- [Data]
________
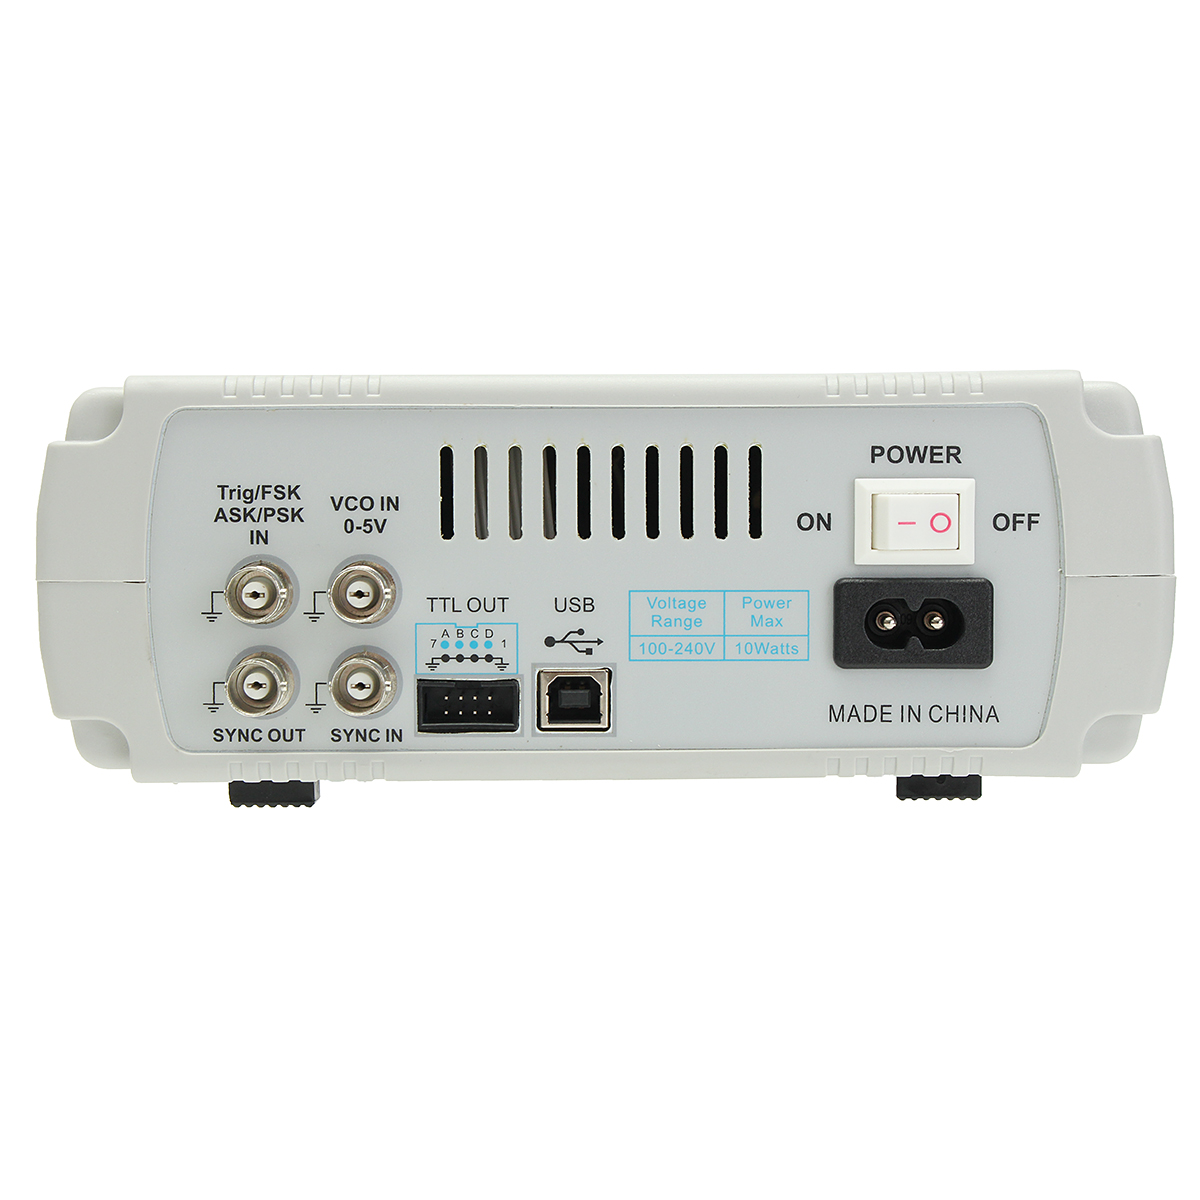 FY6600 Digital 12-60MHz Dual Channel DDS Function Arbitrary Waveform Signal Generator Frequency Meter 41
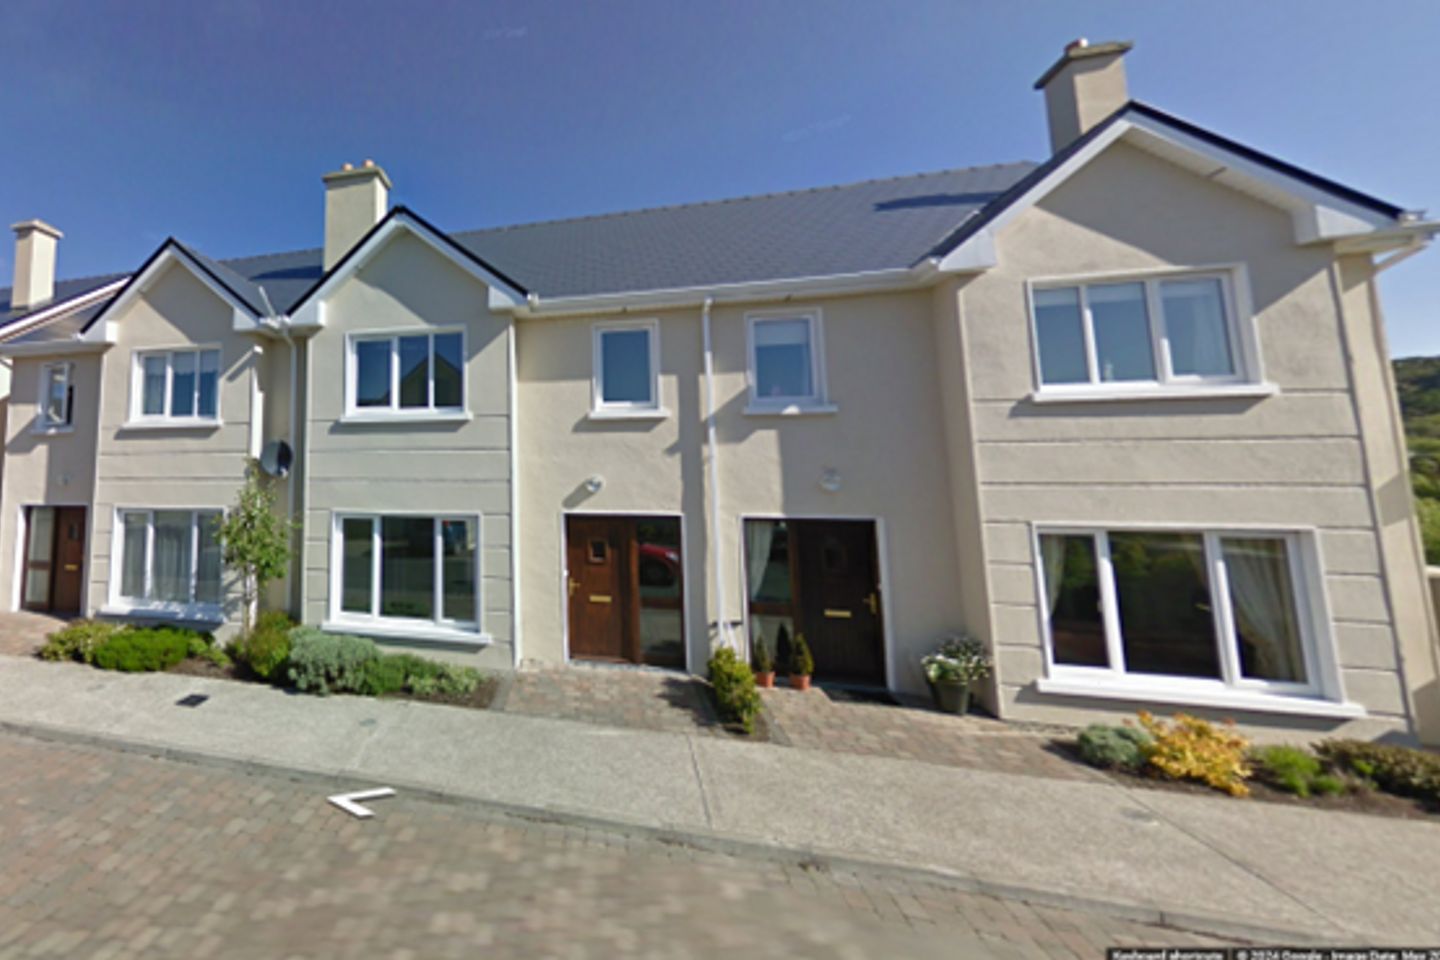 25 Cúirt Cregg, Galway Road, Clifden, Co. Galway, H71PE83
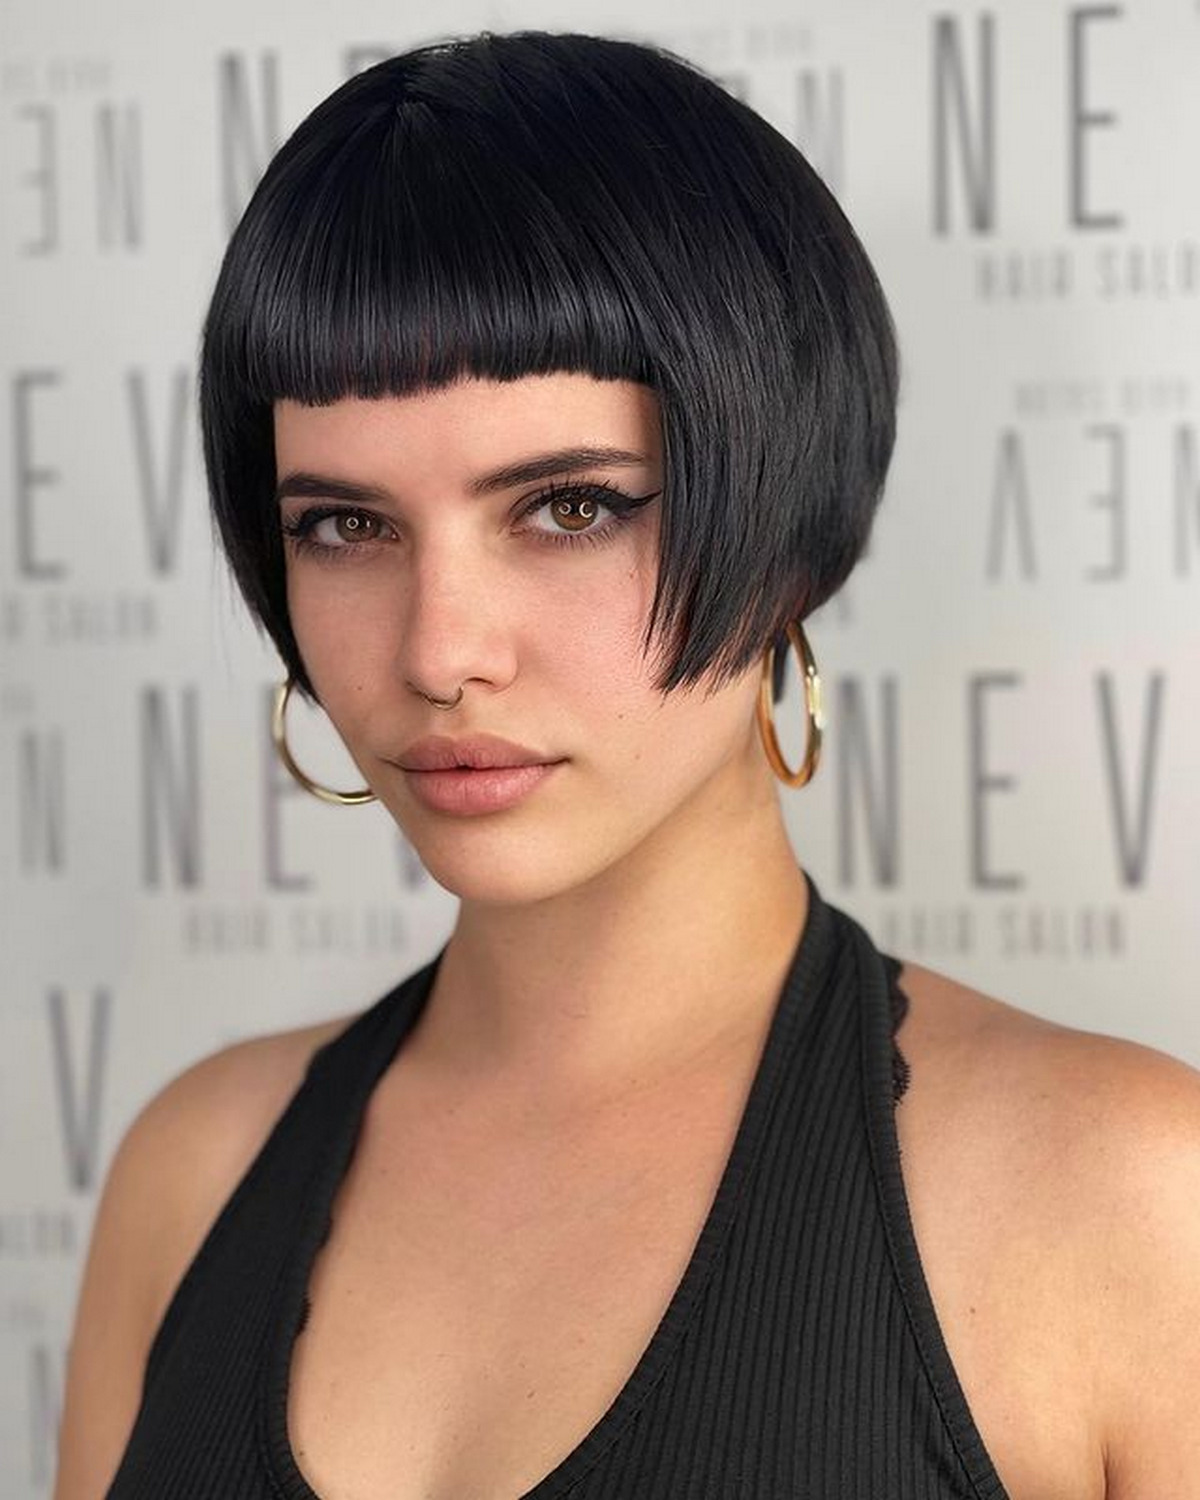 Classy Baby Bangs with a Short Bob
________
- [Try it]
With the pictures removed, repeat the listing above exactly as it stands.

- [Solution to this exercise]
 FY6600 Digital 12-60MHz Dual Channel DDS Function Arbitrary Waveform Signal Generator Frequency Meter 41
 25 Cúirt Cregg, Galway Road, Clifden, Co. Galway, H71PE83
 Classy Baby Bangs with a Short Bob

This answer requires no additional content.